We are investigating tazemetostat as a single-agent therapy in multiple clinical trials, including Phase 2 clinical trials in patients with relapsed or refractory non-Hodgkin lymphoma (NHL), adult patients with certain genetically defined solid tumors, including INI1-negative tumors and synovial sarcoma, and patients with mesothelioma characterized by BAP loss of function. We are also conducting a clinical trial of tazemetostat in pediatric patients with certain genetically defined solid tumors, including INI1-negative tumors and synovial sarcoma.

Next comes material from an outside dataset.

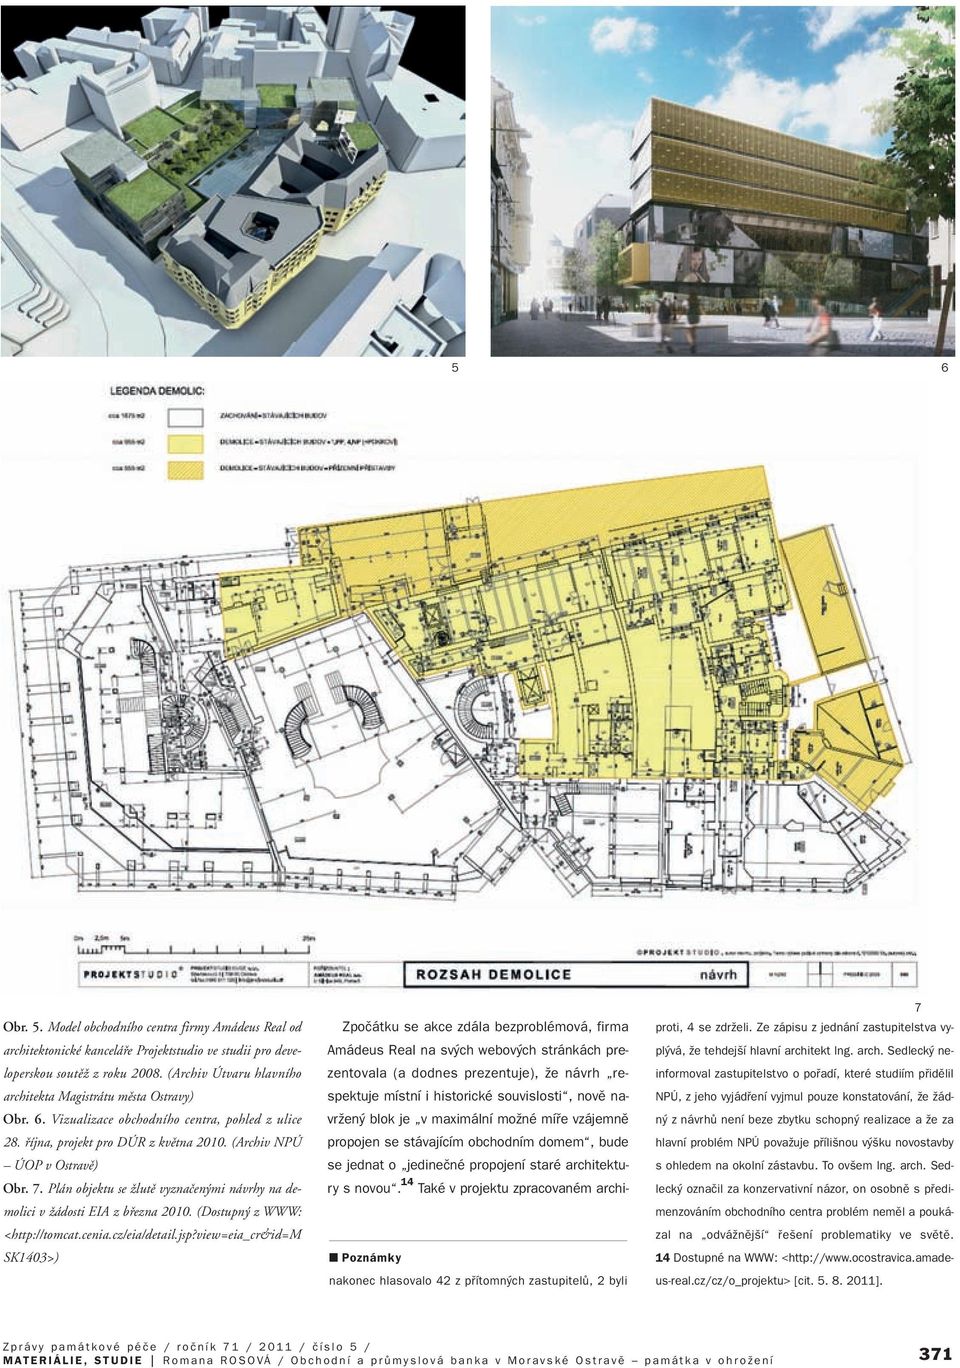 Plán objektu se Ïlutû vyznaãen mi návrhy na demolici v Ïádosti EIA z bfiezna 2010. (Dostupn z WWW: <http://tomcat.cenia.cz/eia/detail.jsp?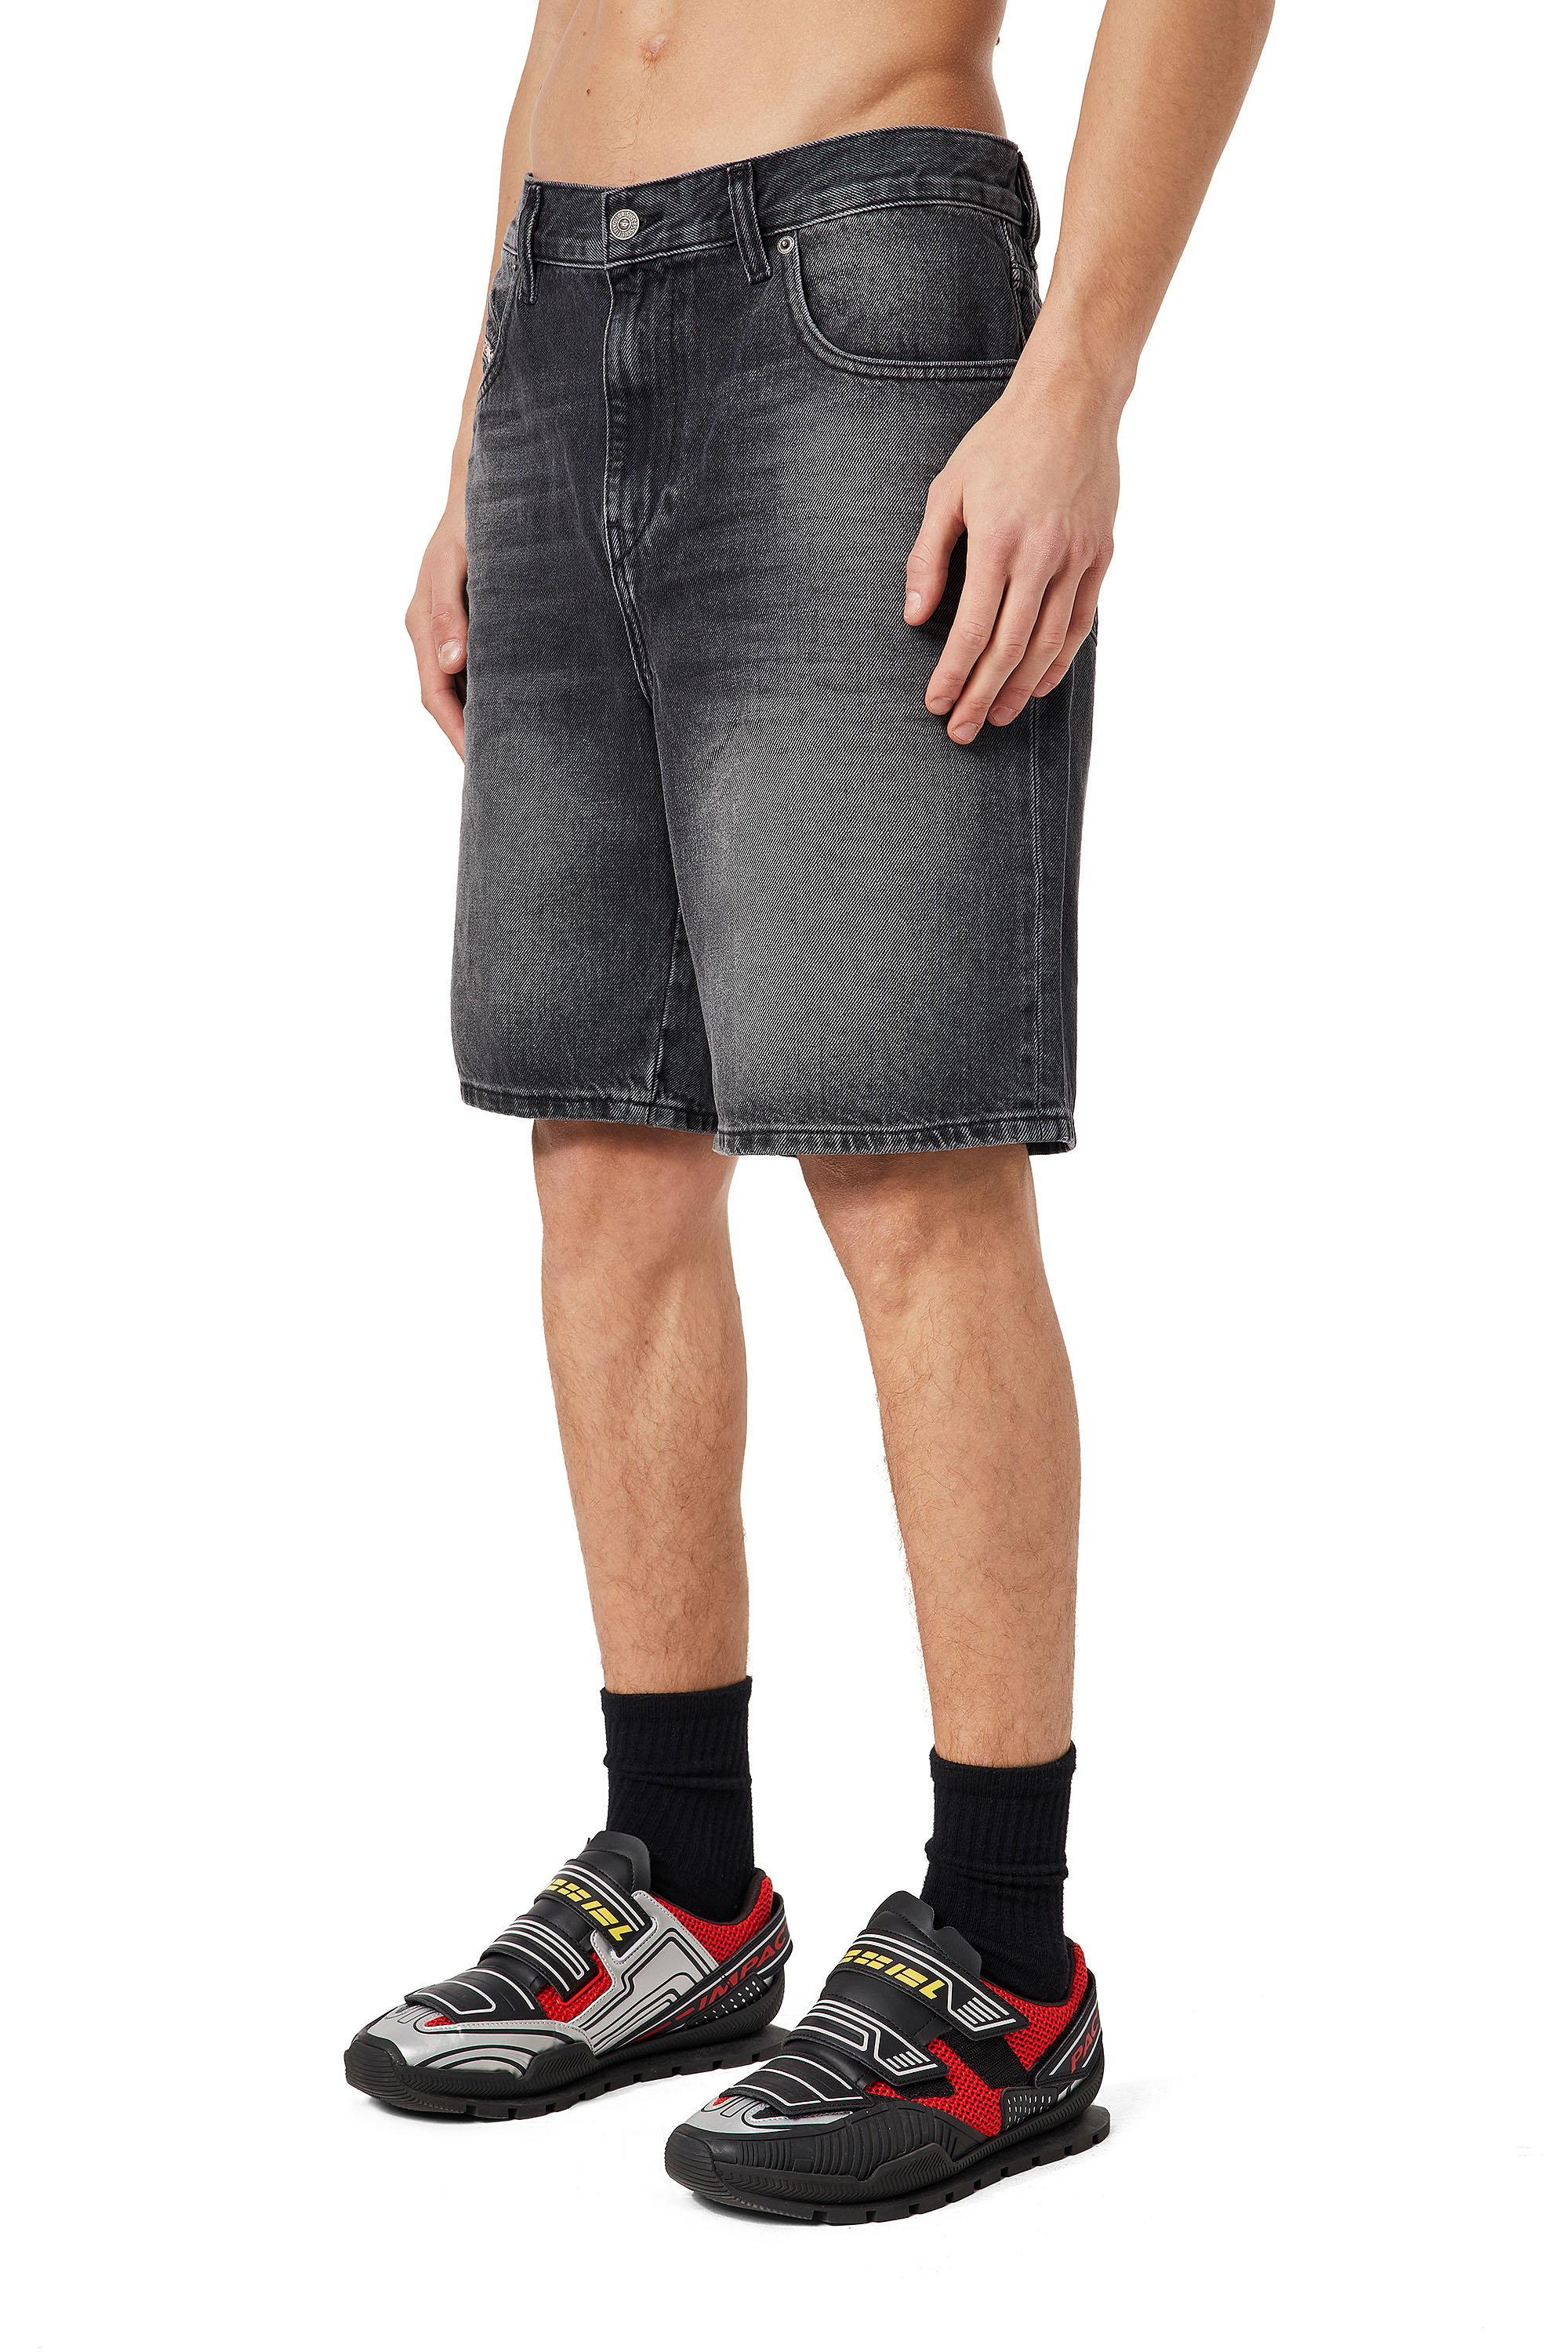 Men's Shorts: Denim, Chino, Sweat | Shop on Diesel.com

Tazemetostat is also being evaluated in combinations and in additional indications, including:
- a combination study of tazemetostat with rituximab in patients with relapsed and/or refractory FL;
- a combination study of tazemetostat with R-CHOP in front-line patients in collaboration with the Lymphoma Study Association;
- a combination study of tazemetostat with the standards of care in patients with castration-resistant prostate cancer, and
- a combination study of tazemetostat with a PARP inhibitor in patients with platinum-resistant solid tumors, such as small-cell lung cancer, triple-negative breast cancer and ovarian cancer.
Epizyme holds global development and commercialization rights to tazemetostat ex-Japan. Eisai owns development and commercialization rights to tazemetostat in Japan, and a right of first negotiation to rights in the rest of Asia.